ARTICLE X - COMMITTEES

In the event of an incident resulting in damage, destruction, or loss of CKFC aircraft, engine or equipment for which liability may be assessed under CKFC insurance carrier’s policy, the President shall appoint an Incident Investigation Committee of three Full Members, one of which shall be an Instructor. The Investigation Committee shall investigate and report its findings of fact and recommendations to the Board of Directors.



ARTICLE XI - AMENDMENTS

Section 1

These By-Laws may be adopted, amended, or repealed by a four-of-five vote of all Board of Directors, subject to the limitations of Section 2 of this Article.

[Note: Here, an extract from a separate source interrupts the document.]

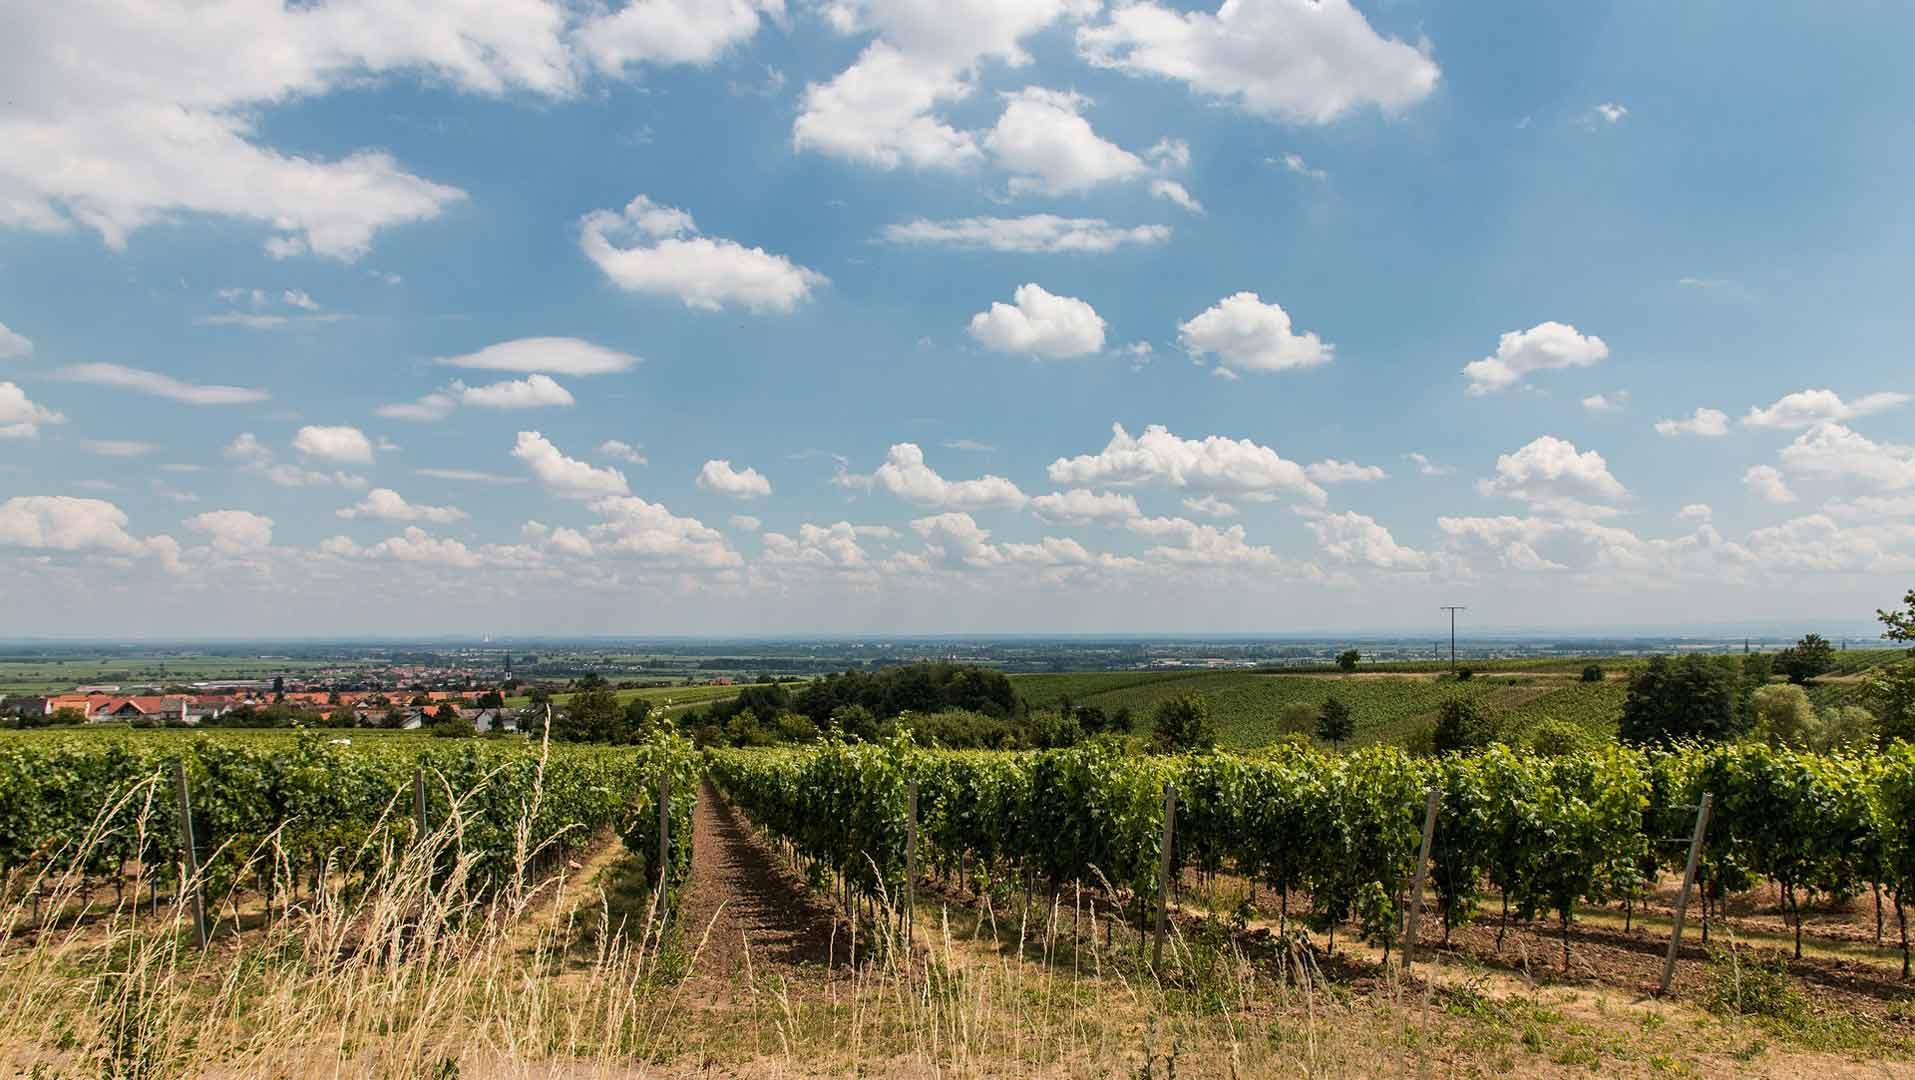 De wijnbergen rondom Maikammer in de Pfalz.

By-Laws changed or adopted in accordance with this section shall be ratified by majority vote of members having voting rights present in person, or by proxy, at the next regular or special CKFC meeting.

Section 2

The Board of Directors shall not amend these By-Laws in conflict with the wishes of the voting members and may not take action to implement any contested By-Law change during the interval of such conflict.



ARTICLE XII - DISSOLUTION

Section 1

In the event the corporation shall dissolve, dissolution of CKFC shall be in accordance with Federal and State Laws and Regulations.

Section 2

In the event of dissolution, after all debts against the corporation are satisfied, each Full Member, in good standing, shall be entitled to an equal share in the corporate assets available for distribution.